> _GOAL OF THE EXERCISE_: Starting at the line that contains "Coconut Oil Chocolate", transcribe each line exactly through the end of the data below, and skip any pictures.

*** Opening of SOURCE MATERIAL ***

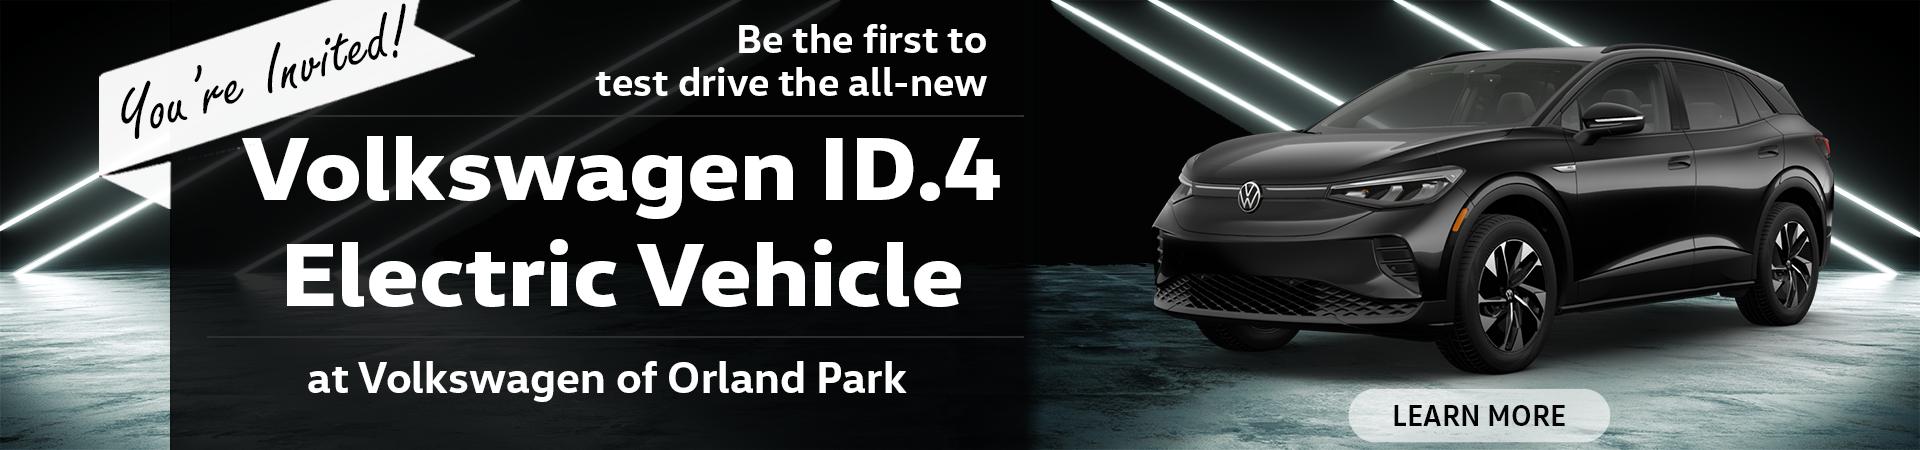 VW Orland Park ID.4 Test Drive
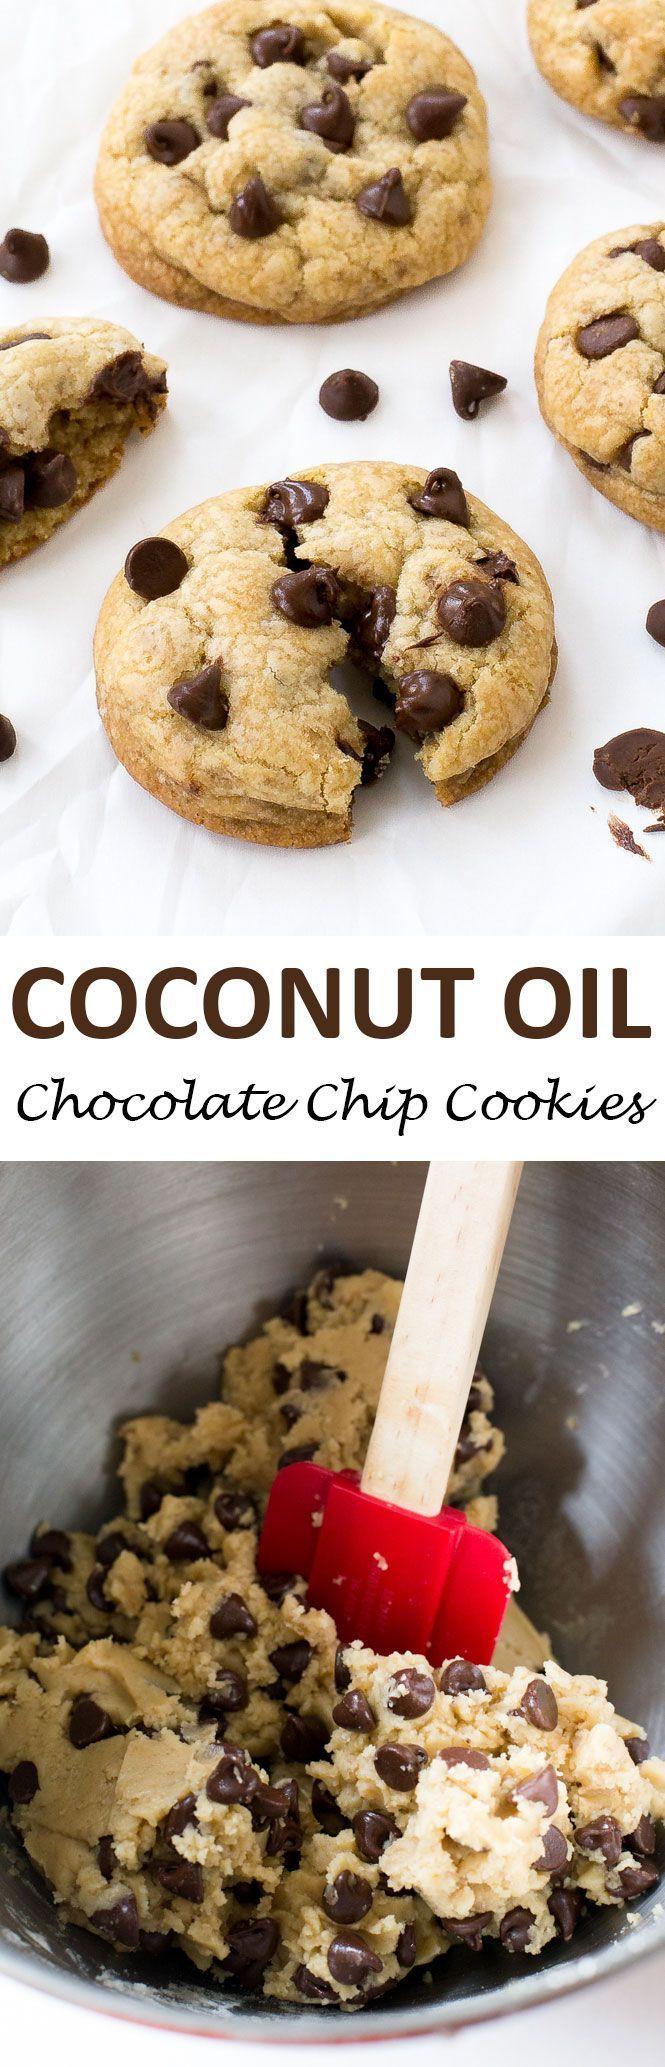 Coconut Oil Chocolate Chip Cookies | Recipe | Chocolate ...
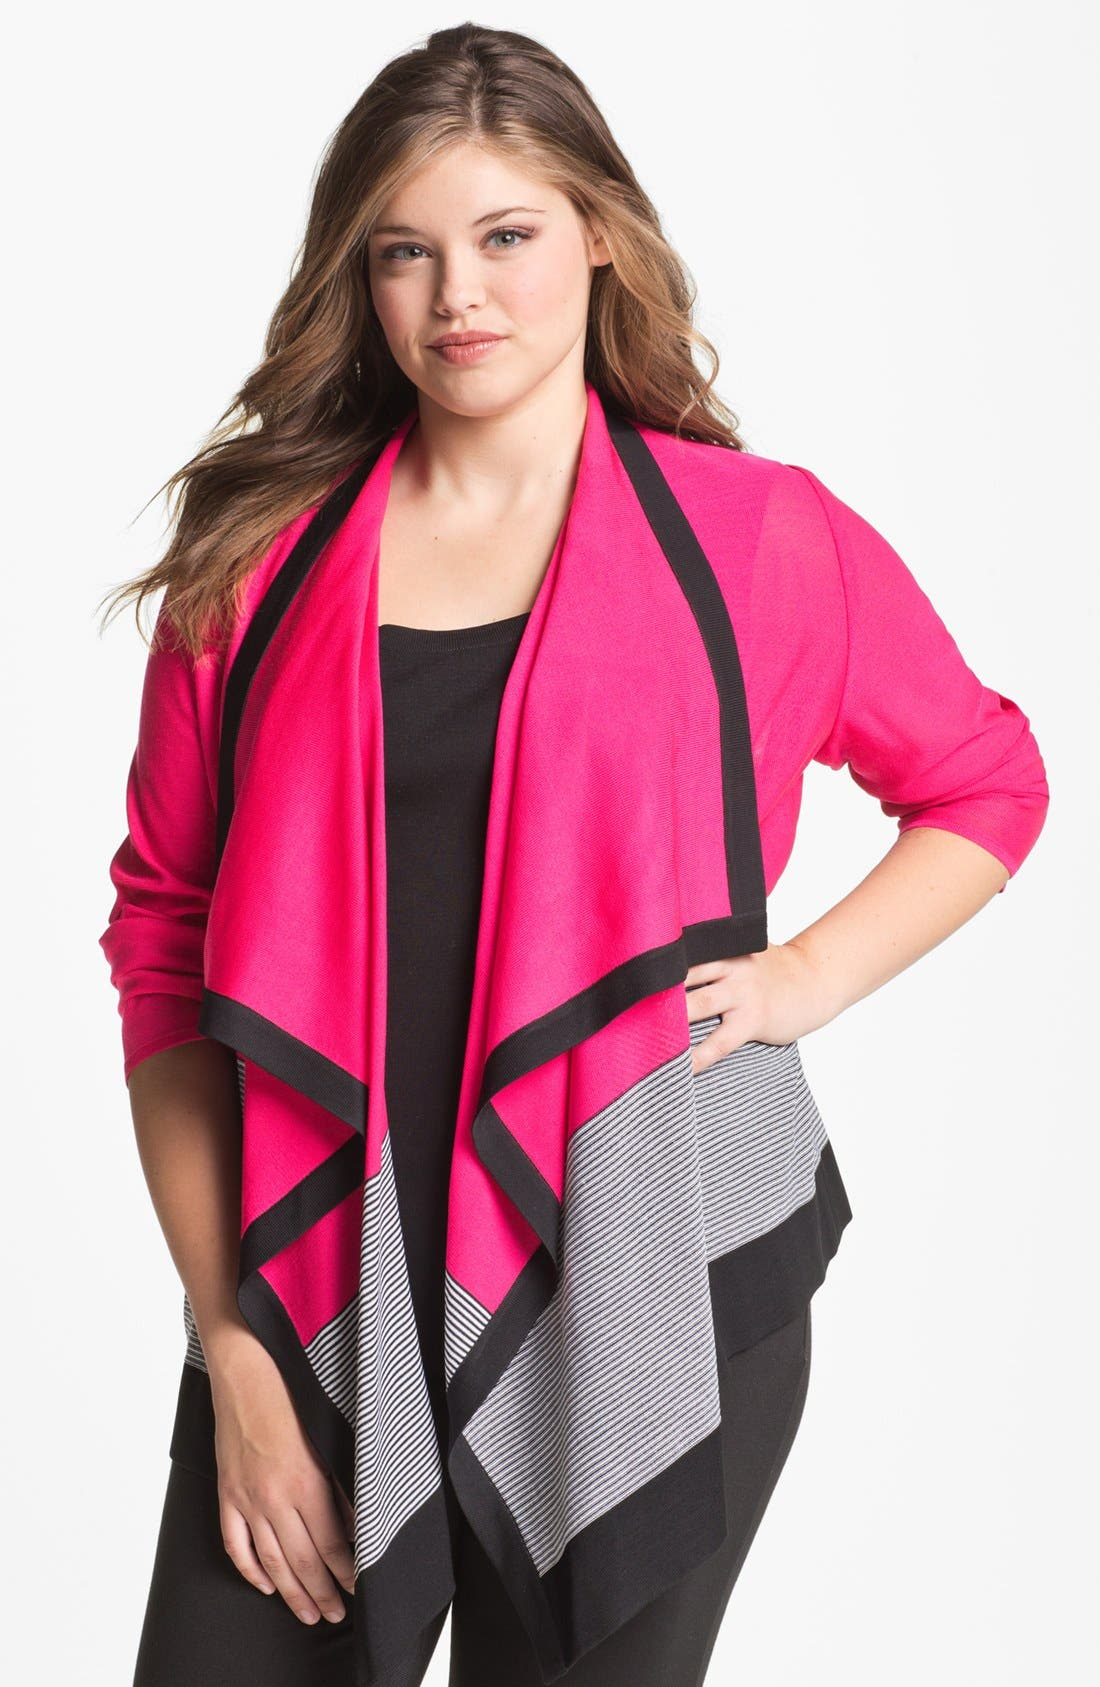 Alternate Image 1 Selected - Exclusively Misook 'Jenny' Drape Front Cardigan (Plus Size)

*** Close of SOURCE MATERIAL ***

> _TASK OUTPUT_:
 Coconut Oil Chocolate Chip Cookies | Recipe | Chocolate ...
 Alternate Image 1 Selected - Exclusively Misook 'Jenny' Drape Front Cardigan (Plus Size)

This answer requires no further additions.